Clearly, you've learned about candlestick charts, support levels, and resistance levels, but as soon as the market turns, it slaps you in the face, and your account shrinks directly.
Eventually, you start to doubt yourself: "Am I really suited to survive in this market?" A friend of mine mentioned this to me some time ago, and he seemed a bit hopeless.
His account was battered by the scam coin market, leaving him with just over two thousand U.
$BEAT perpetual contracts once dropped as much as 42.41% in a single day, but that wasn't even the most outrageous—Labubu coin skyrocketed and then plummeted 91.66%, and ErJiu coin doubled and nearly went to zero in just a few days.
This is the routine with these kinds of coins: they rise quickly and fall just as fast. A single emotional wave can wipe out your entire bottom line.
He’s not lacking technical knowledge, nor has he not learned trading methods; the key issue is that he can't control his own heart.
When the market slightly moves upward, he's afraid of missing out on a big trend.
When it drops, he's afraid it will fall even further. Throughout the day, he loses not only money but also energy and sanity.
At that time, he told me something,
and I still remember: "I feel like I can't hold on anymore."
I didn't hype him up or talk about profound trading theories.
I just told him one honest thing: Your current balance isn't for doubling your money; it's to keep your hands steady.
Many people always think that a bold move can turn the situation around, but those who truly last in the market usually start by "slowing down."

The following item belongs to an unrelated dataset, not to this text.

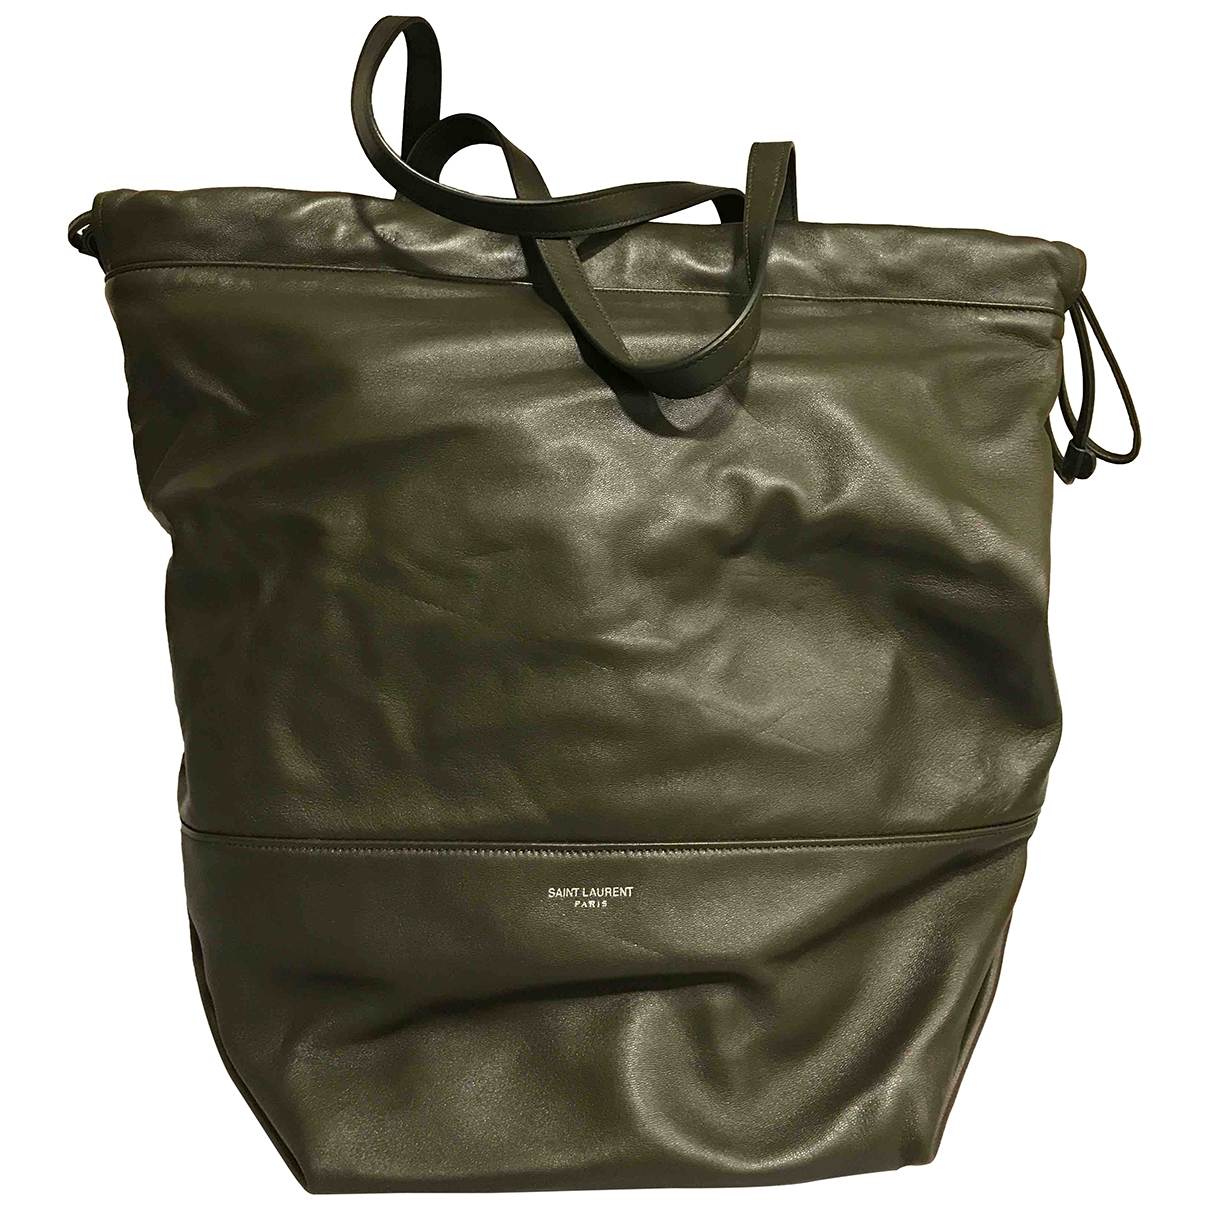 Saint Laurent \N Handtasche in  Khaki Leder

Before understanding the market clearly, don’t act first. Not every trading day requires a position—being able to hold a no-position stance when necessary shows your progress.
Reduce your position size so that each mistake is just a small setback, not a total account wipeout.
Gradually shift from the rhythm of "losing a chunk in a day" to a steady mode of "earning a little over several days."
Once the pace stabilizes, your mindset will naturally change.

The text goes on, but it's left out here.